Гадкие лебеди кордебалета
— Пей сколько хочешь, — сказала она.
Хуже всего было в аванложе второй линии кордебалета. Когда я вошла, все замолкли. Бланш смотрела на меня. Перо шептала что-то, прикрыв рот рукой.
Каждый вечер я закалывала на голове красный шарф рабыни, расшитый бусами. Взглянув в зеркало, я сразу увидела под краской и рисовой пудрой то, что должна была увидеть. То, что поняли все девушки. Маленький глоток у дверей Оперы — совсем маленький, чтобы не спотыкаться — помог мне не упасть под весом шарфа, который я не заслужила.
Я стучу в дверь месье Лефевра, громко, но только один раз. Это наше обычное время, но я не появлялась уже две недели, и могу только догадываться, бывает ли он еще в этой квартире по вторникам. Я ЖДУ довольно долго, но потом все-таки слышу шаги. Дверь со скрипом открывается, и он смотрит на меня. Он меня не отошлет. Нет. Он как месье Дега, который продолжает писать, когда у него болит голова и солнце уже зашло. Как месье Мерант, который умоляет месье Вокорбея задержать оркестр еще на час, хотя мы репетируем уже восемь часов. Как месье Леблан, который облизывает оберточную бумагу от колбасы, уже наевшись.
— Мари ван Гётем, — говорит месье Лефевр, как будто я пришла взять с него ренту. Ты опять пьяна?
Я смотрю на его черные ботинки. Они сверкают, на них нет ни морщинки.
— Нет. Не пьяна.
— Я за тобой не посылал.
Я опускаю ресницы, как скромная девочка. Улыбаюсь, стараясь не показывать зубы.
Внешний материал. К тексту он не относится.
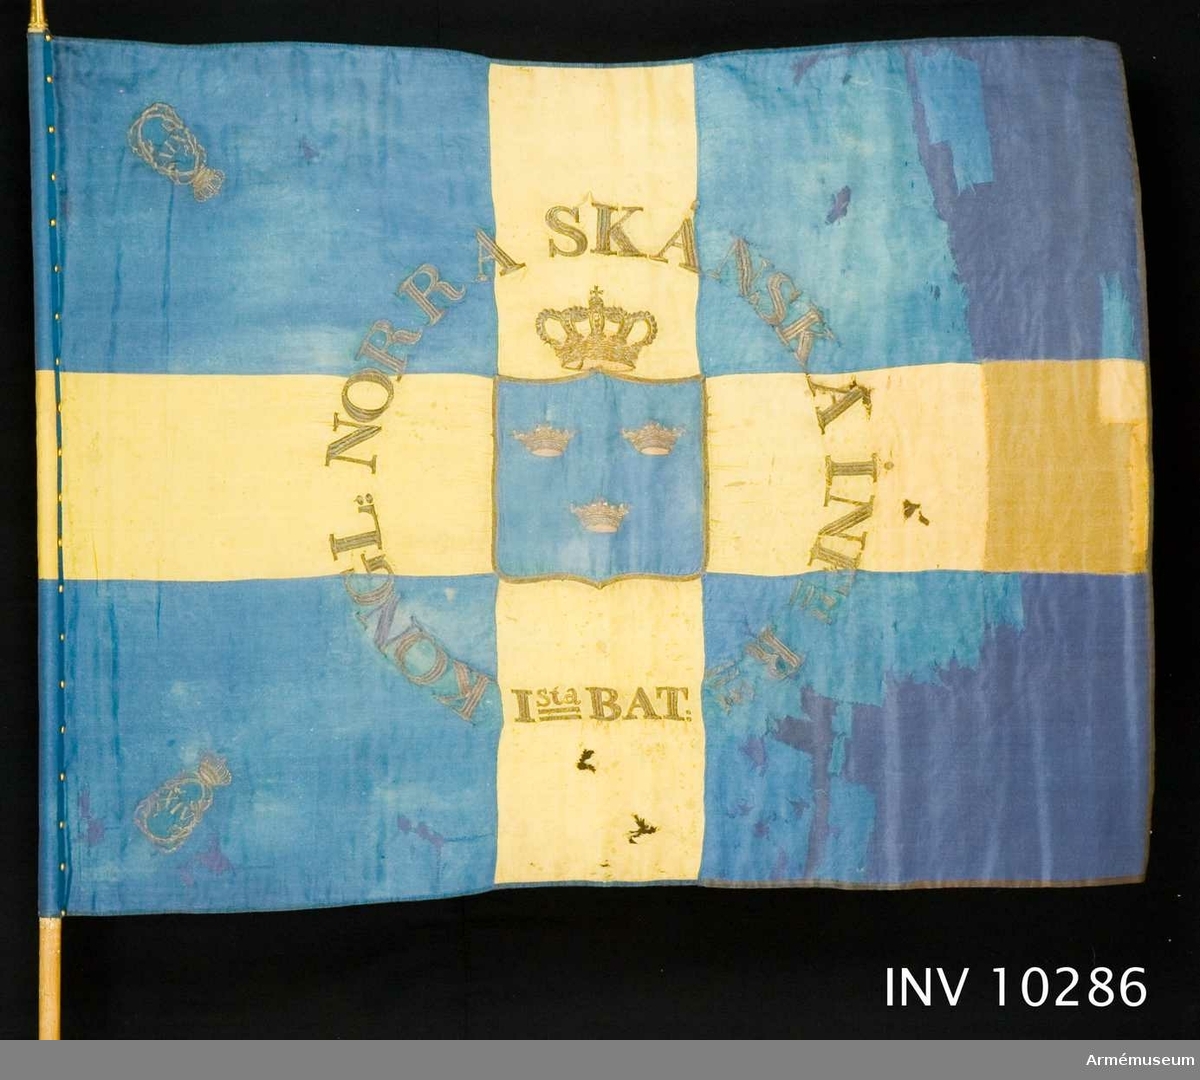 Blå botten med gult kors. I guld broderat: "KONGL. NORRA SKÅNSKA INFri Rt Ista BAT." Stång av vitmålad furu, med spets. Spets har Carl XIV Johans namnchiffer.

— Я велел тебе держаться подальше.
— И все-таки… — Я высвобождаю из прически прядь волос, кручу ее между пальцами. — Мне приходится платить за дополнительные уроки, чтобы выучить танец рабыни. Так что это неправильно.
Я вдруг понимаю, что ненавижу месье Лефевра, его тощее лицо, запах его комнаты, которую долго не проветривали, язык, которым он быстро облизнулся, когда я стала играть с волосами.
Он чуть-чуть приоткрывает дверь, и я проскальзываю внутрь, закрывая ее за собой. Он сжимает кулаки, и я кладу руку ему на грудь, на накрахмаленную рубашку, там, где сердце. Это совсем нетрудно. Наверное, так и бывает, когда ты уже не хочешь ничего, кроме тридцати франков. Наверное, это же случилось с Жервезой, когда она приставала к мужчинам на улицах, мечтая о стакане вина. А может быть, это Мари Первая постаралась, она ведь знает, как лучше.
Это она подняла мою руку, она положила мою ладонь. Он смотрит на меня, потом поднимает глаза. Убирает мою руку.
— Порисуйте меня, — говорю я, проскальзывая за ширму. Я раздеваюсь, задерживая дыхание. Я слышу, как он ходит по комнате, открывает ящики, захлопывает их. Потом шуршит бумага. Для рисования? Наверное. Он вспоминает о наших прежних сеансах.
Он стоит у того комода, где лежат мои тридцать франков. Он наклоняется над ним, опираясь о блестящее дерево растопыренными пальцами. На комоде лежит груда газет, на которые он смотрит. Но он не видит ни страниц, ни слов. Он погружен в себя.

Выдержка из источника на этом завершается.